Carpenter's chimaera
- Conservation status: Least Concern (IUCN 3.1)

Scientific classification
- Kingdom: Animalia
- Phylum: Chordata
- Class: Chondrichthyes
- Subclass: Holocephali
- Order: Chimaeriformes
- Family: Chimaeridae
- Genus: Chimaera
- Species: C. lignaria
- Binomial name: Chimaera lignaria Didier, 2002

= Carpenter's chimaera =

- Genus: Chimaera
- Species: lignaria
- Authority: Didier, 2002
- Conservation status: LC

Species of fish

The carpenter's chimaera (Chimaera lignaria), also known as the giant chimaera or the giant purple chimaera, is a species of fish in the family Chimaeridae.

== Description ==
The carpenter's chimaera grows to 128 cm in length; the largest specimen recorded, a male, had a total length of 142 cm, although some specimens may grow up to roughly 150 cm. It has been described as a "distinctly large and robust chimaera" and is purple in color, with a very large head. The claspers of males are colored purple at their intersection with the species' body while their tips are white. 1/3 of the area at the end of claspers is divided.

== Biology and habitat ==
The carpenter's chimaera exhibits oviparity, with egg shells containing "horns" on them. Males mature at a body length (BDL) of roughly 60 cm, while females mature at 70 cm BDL, generally equaling a total length of roughly 100 cm. Little is known about the species' biology.

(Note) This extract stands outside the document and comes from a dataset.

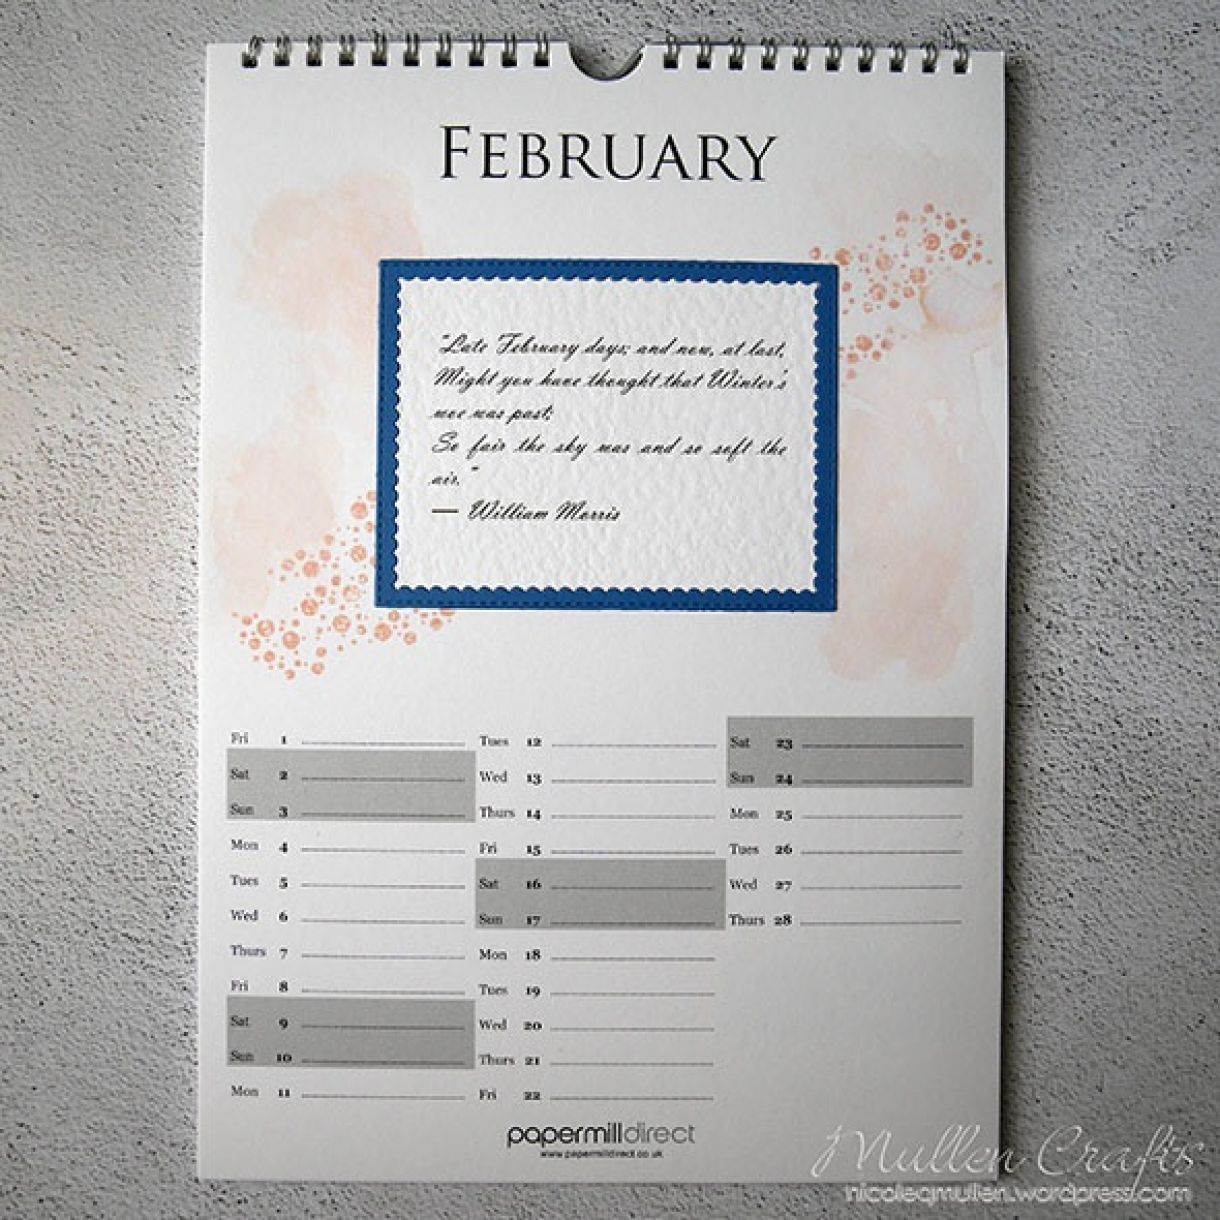 Nicole Calendar Page February1

The chimaera is a marine species, typically found on slanted and flat areas of deep oceans at the continental slope, sometimes extending into the bathyal zone. It has a broad depth range, occurring in waters 400 m – 1800 m in depth, typically in the deeper part of this range. It is a benthic fish, meaning that it is denser than water and lives at the bottom of the sea floor.

== Distribution and conservation ==
The carpenter's chimaera is found in the southwest Pacific Ocean and the eastern Indian Ocean, particularly in Tasmania, Australia and New Zealand. Its exact population is unknown; however, a large number of specimens have been found in deep waters from fishing and scientific research. Due to this, it is thought that the species is common in the parts of oceans it lives in.

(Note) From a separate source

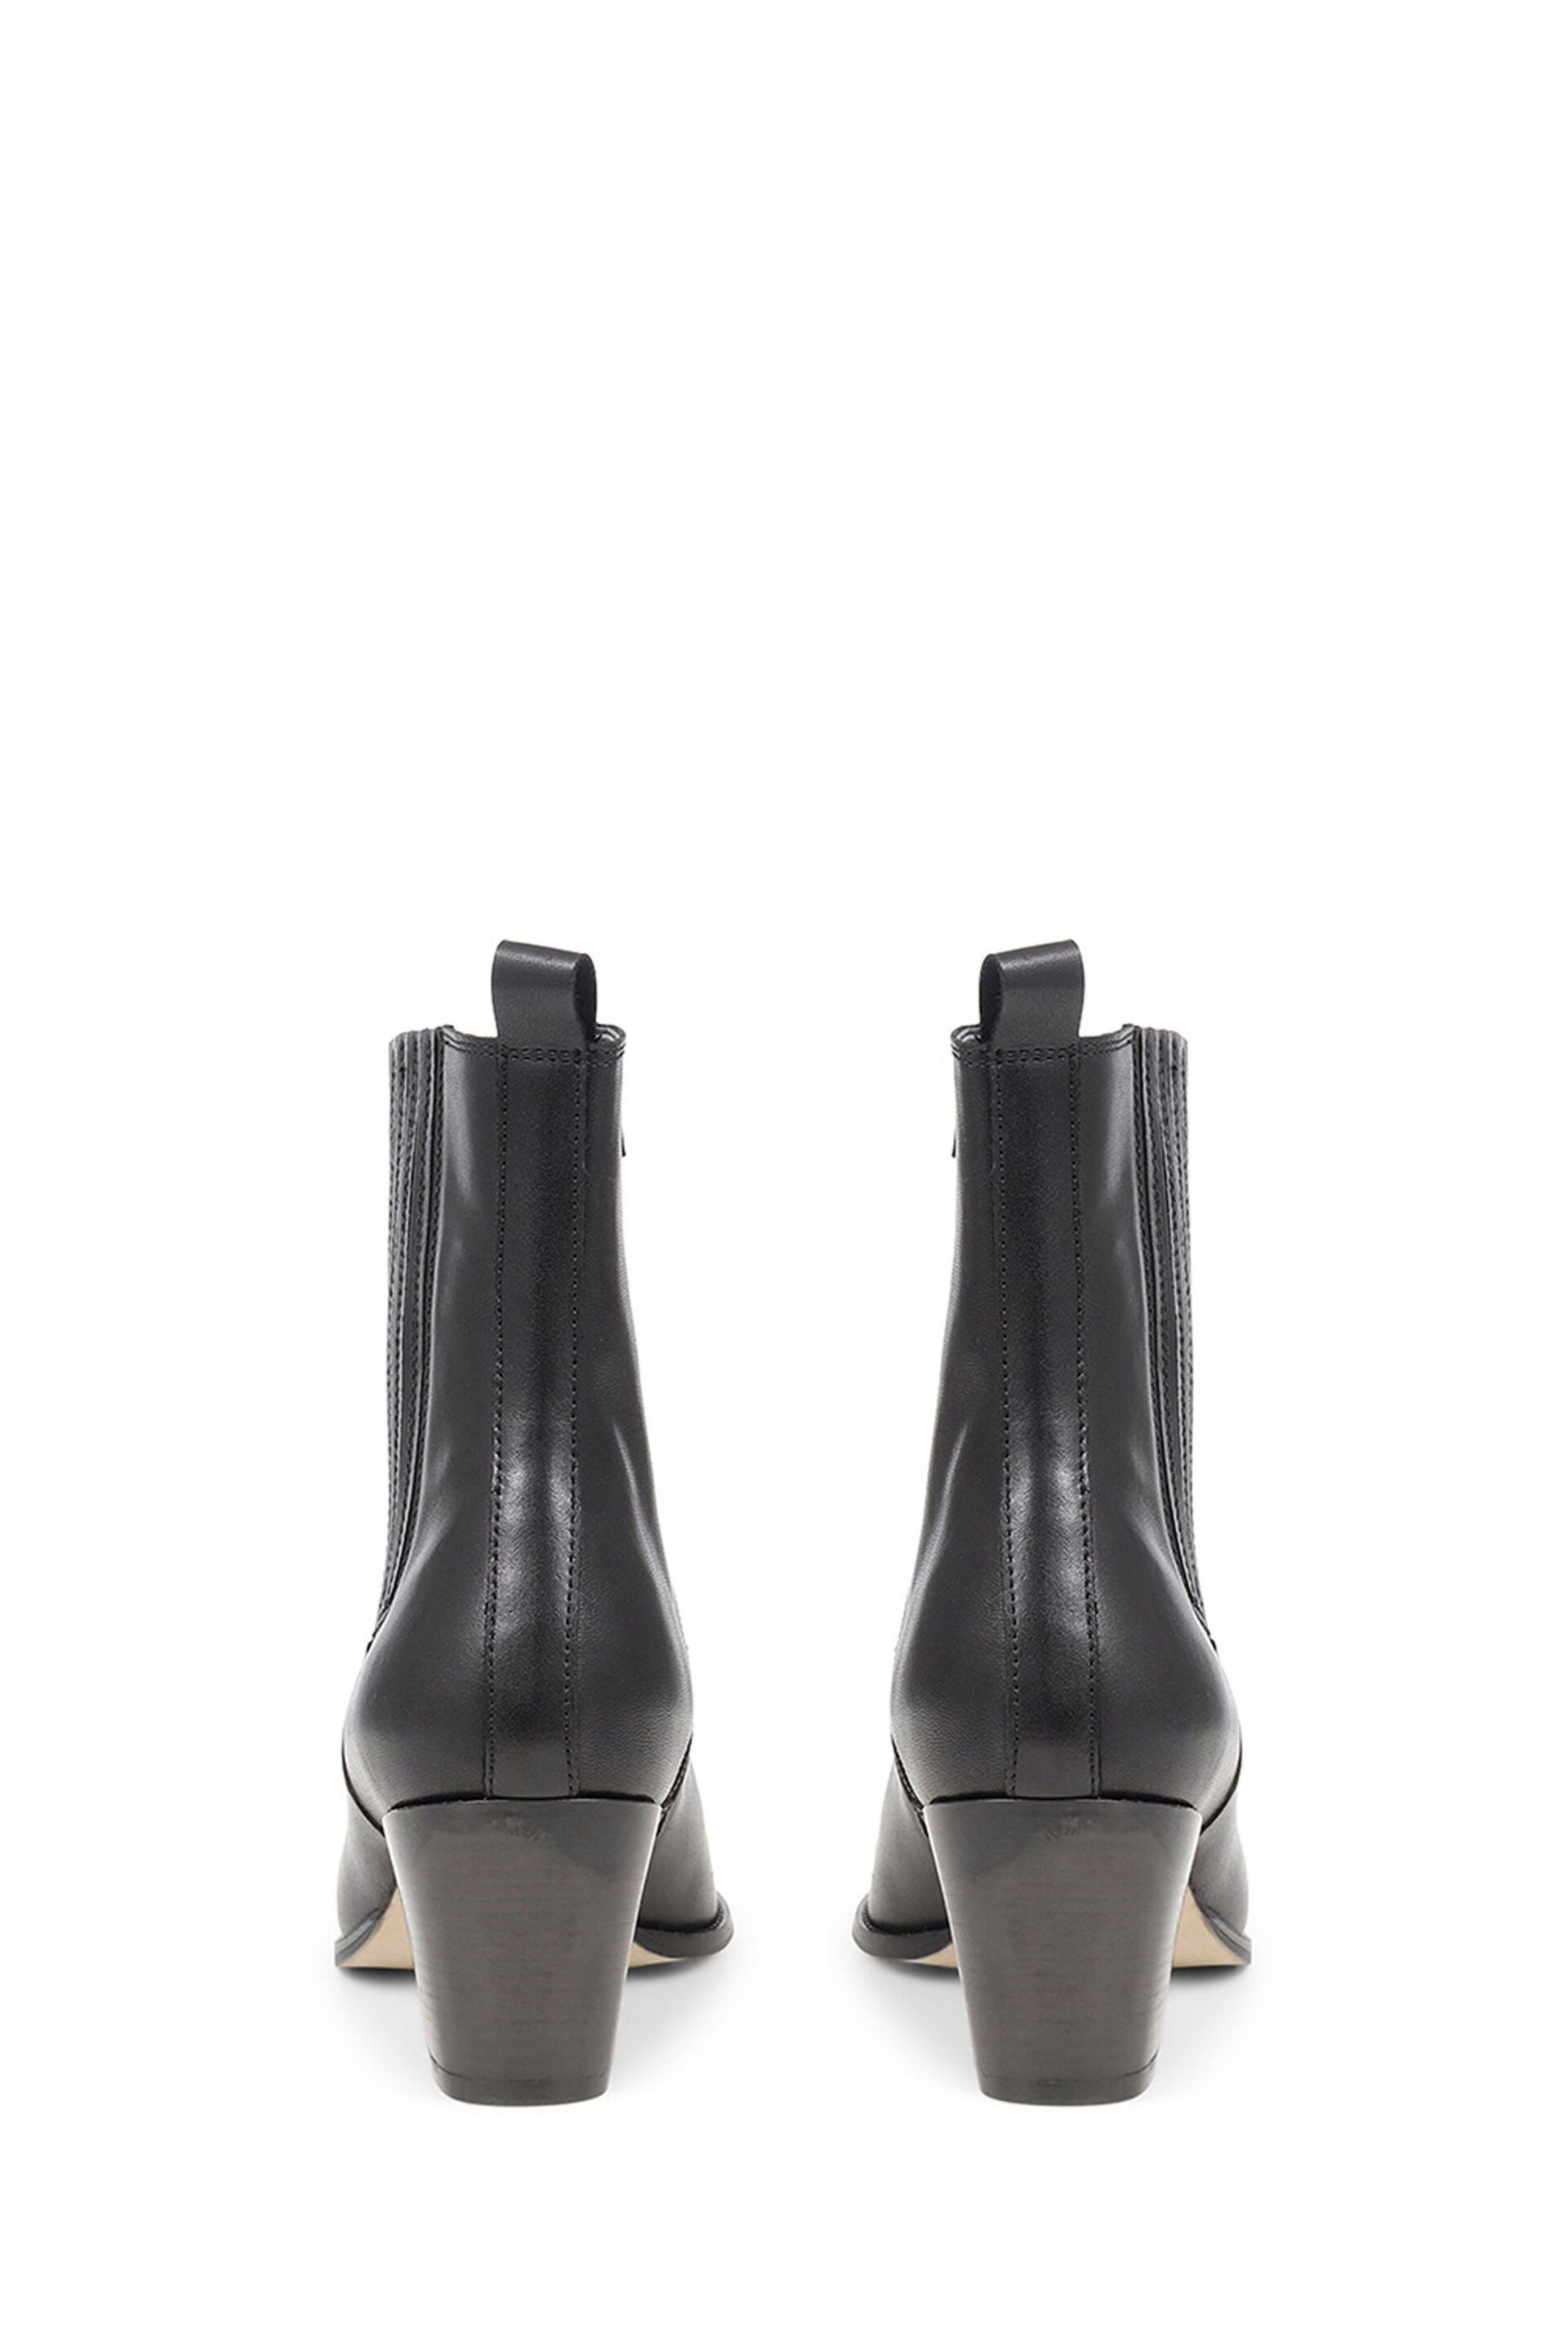 Jones Bootmaker Lizia Heeled Leather Black Ankle Boots - Image 3 of 5

The species is threatened by trawls, which, when searching for other species that live in deep waters in the same area as the carpenter's chimaera, will sometimes catch this species incidentally. Aside from this, there are no major threats; the species is not targeted for commercial purposes. Studies have shown that the amount of the species caught as a bycatch by trawls in New Zealand has increased from 1990 – 2011; however, in Australia, it is currently caught infrequently, partially due to the Australian South Tasman Rise Trawl Fishery's shutting down in 2007. It also has some protection against fisheries due to the depths of the waters it lives in. No conservation actions are taking place for the species currently, although part of its range extends into protected areas. In June 2018 the New Zealand Department of Conservation classified the carpenter's chimaera as "Not Threatened" under the New Zealand Threat Classification System. The International Union for Conservation of Nature lists it as Least Concern, as of 18 February 2015.